No hay nada que sea concreto ni diferenciado que no me parezca lleno de sentido: como si todo lo que existe estuviera escondido en nosotros y sólo pudiéramos hacérnoslo visible dando este rodeo por lo otro.
Cabría pensar que las horas perdidas se escurren para entrar en las que vendrán después y que, de repente, miran desde ellas. ¿No podría ser que así no estuvieran perdidas?
La conciencia de sí mismos que tienen aquellos que se muestran por todos los lados.
Los hermosos momentos de la mañana, cuando todo lo personal parece insignificante y sin importancia; cuando uno siente en sí mismo el orgullo de las leyes que está buscando.
Aversión a ensamblar las cosas; lo mantienes siempre todo abierto, todo separado. En realidad sólo quieres aprender a apuntar inmediatamente lo que has comprendido. Cada día entiendes más pero te repugna sumar; como si al fin debiera ser posible, en un solo día, en unas pocas frases, decirlo todo, pero de un modo definitivo.

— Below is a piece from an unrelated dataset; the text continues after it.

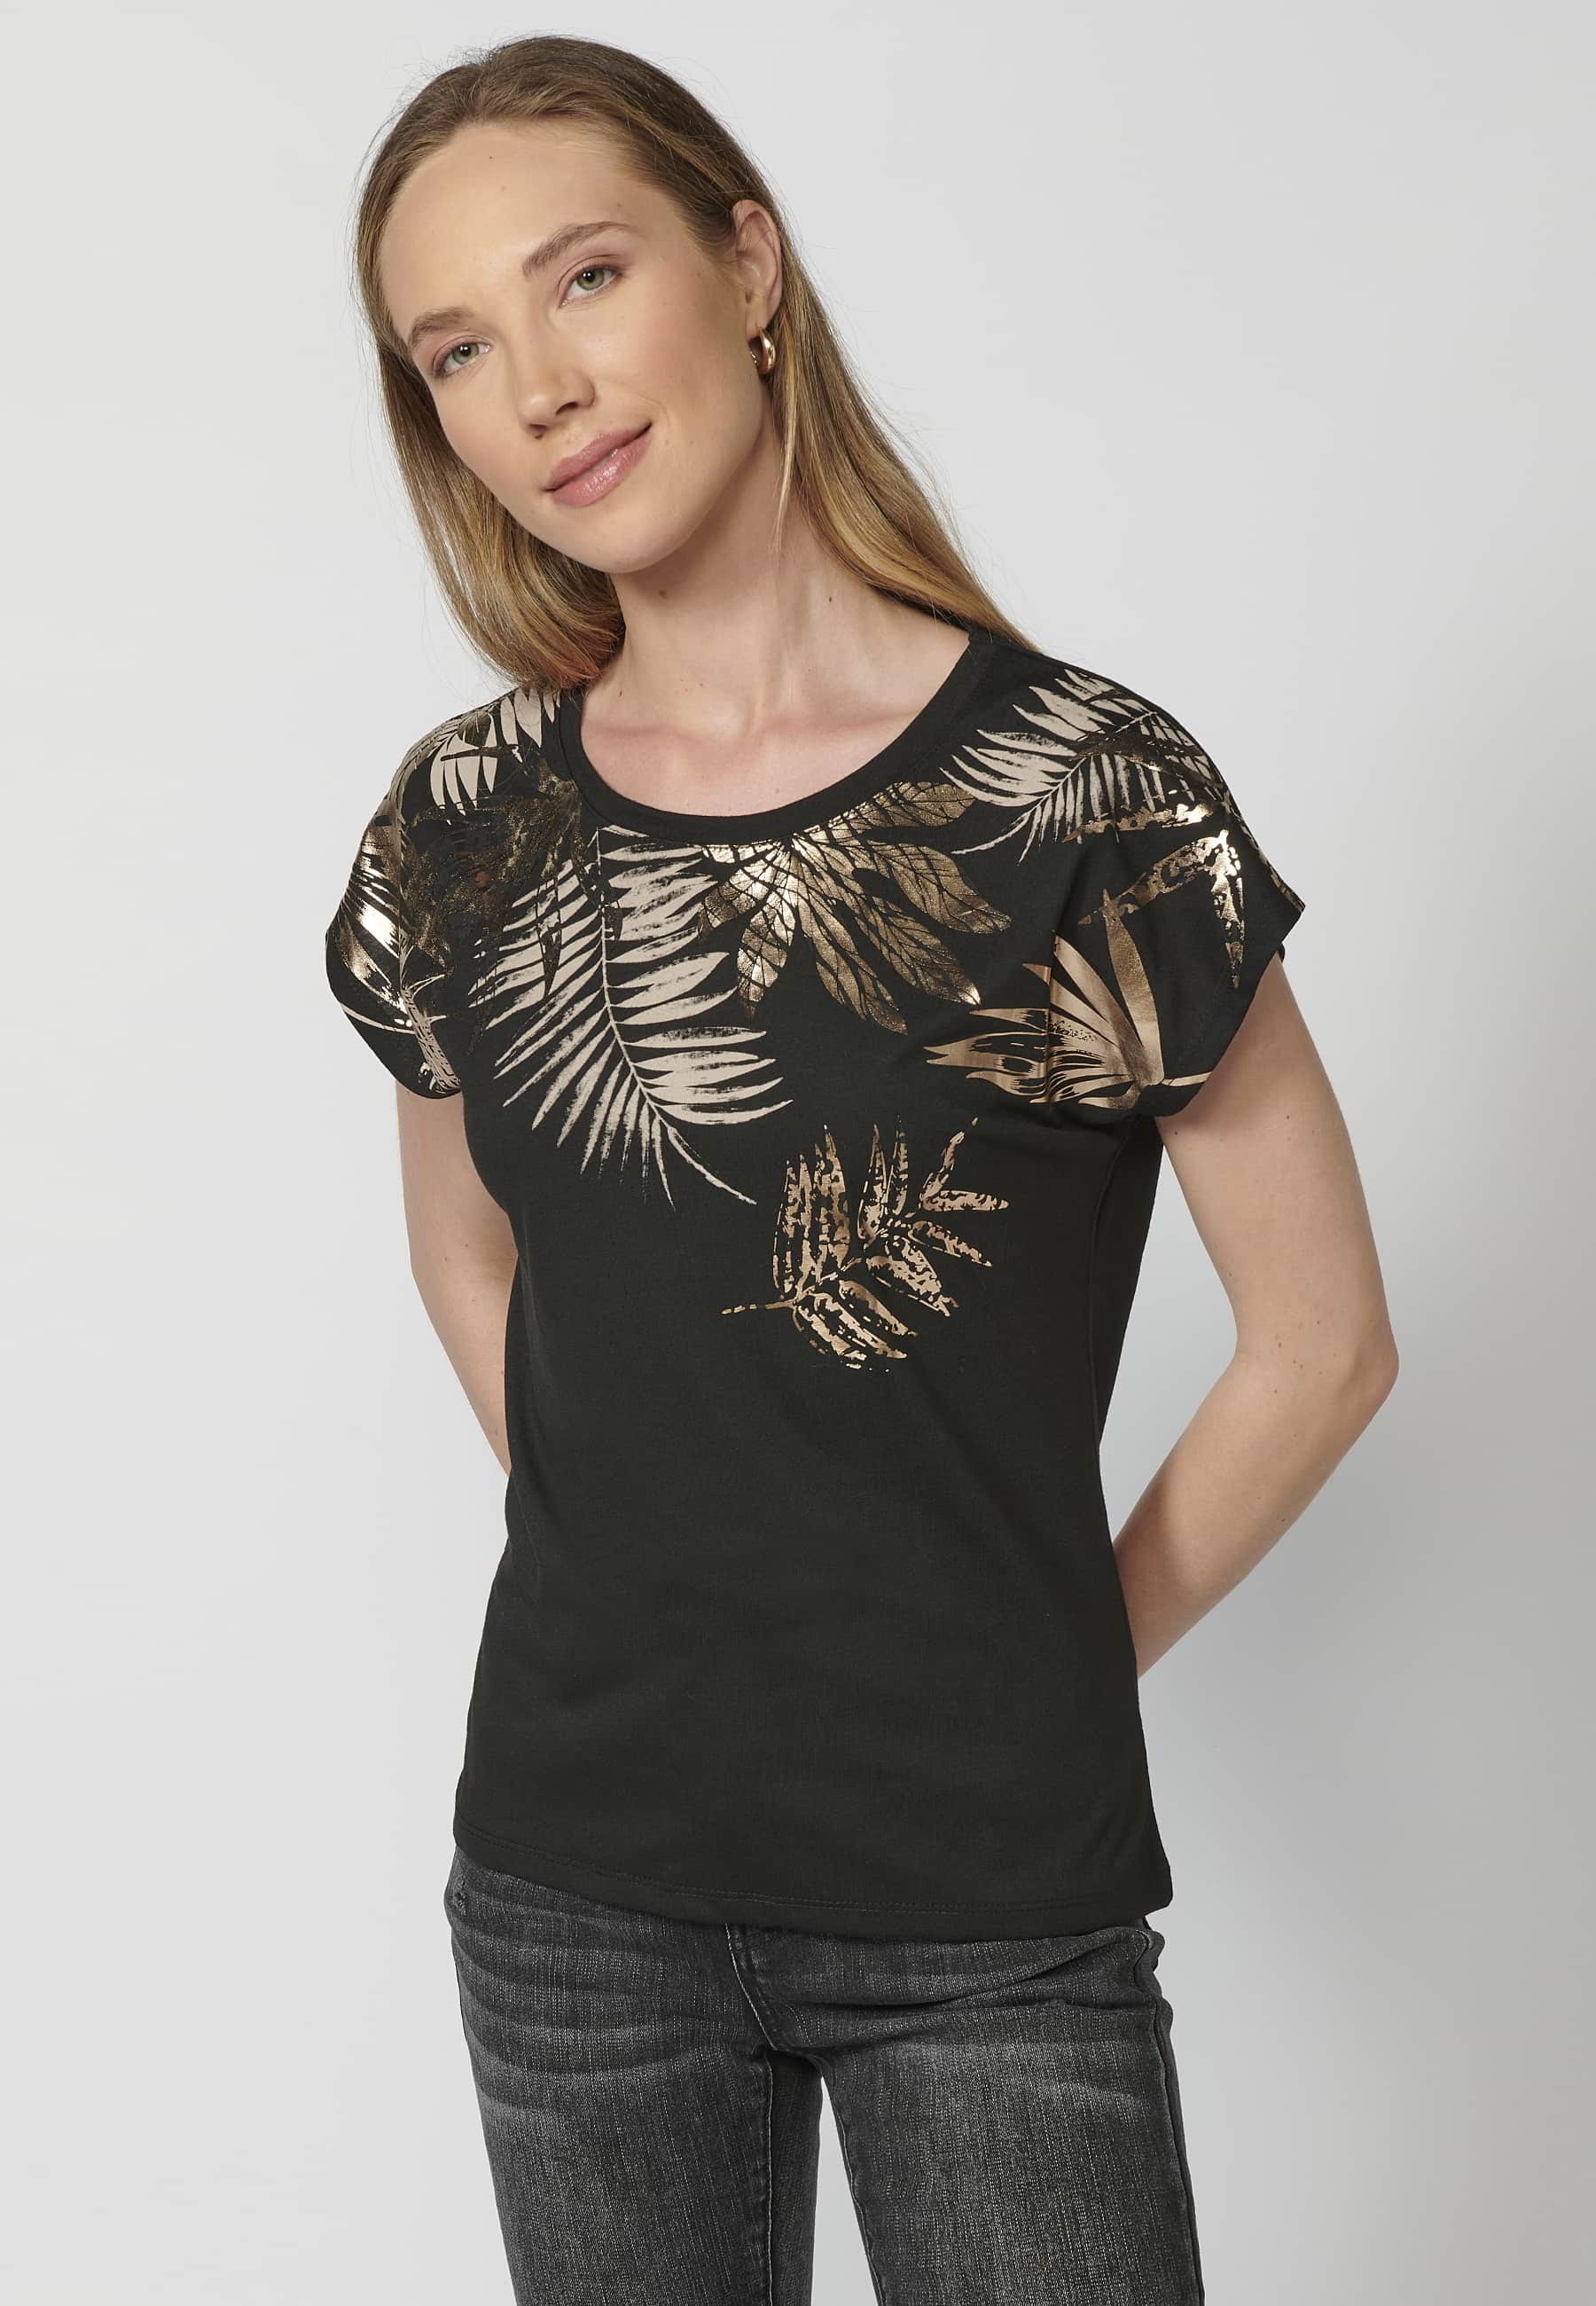 Camiseta de manga corta de algodón cuello redondo estampado frontal flores color negro para mujer

Deseo inextinguible de que este día tenga lugar al fin de tu vida, lo más tarde posible.
Aix: un pequeño café, justo delante de la entrada de la cárcel. Por la noche, tarde, estaba yo una vez allí. En mi mesa estaba una anciana pobre y miserable, con cara de muerta casi. Un joven, borracho, le hacía la corte; con una obstinación increíble se metía una y otra vez con ella; la invitaba a beber; la abrazaba; le hacía proposiciones; se burlaba groseramente de ella y la ponía nerviosa; y otro hombre, apenas mayor que el primero, aplaudía entusiasmado. La vieja, como si fuera de piedra, se lo dejaba hacer todo; de vez en cuando se agitaba y decía con una voz silbante: «!déjame en paz!». Pero era inútil. No había manera de quitárselo de encima. Todo ocurría delante de la cárcel; la vieja no dejaba de mirar en aquella dirección, como si tuviera allí a su marido o a su hijo.
Una ventaja de viajar a regiones nuevas es el romper lo ominoso. Los sitios nuevos no se adaptan a viejos significados. Por un tiempo uno se abre realmente. Todas las historias pasadas, la vida de uno – llena a rebosar -, que se asfixia de tener un sólo sentido, todo queda de repente atrás; como si uno los hubiera dejado bajo custodia en algún sitio; y mientras permanece en silencio, ocurre únicamente lo no interpretado: lo nuevo.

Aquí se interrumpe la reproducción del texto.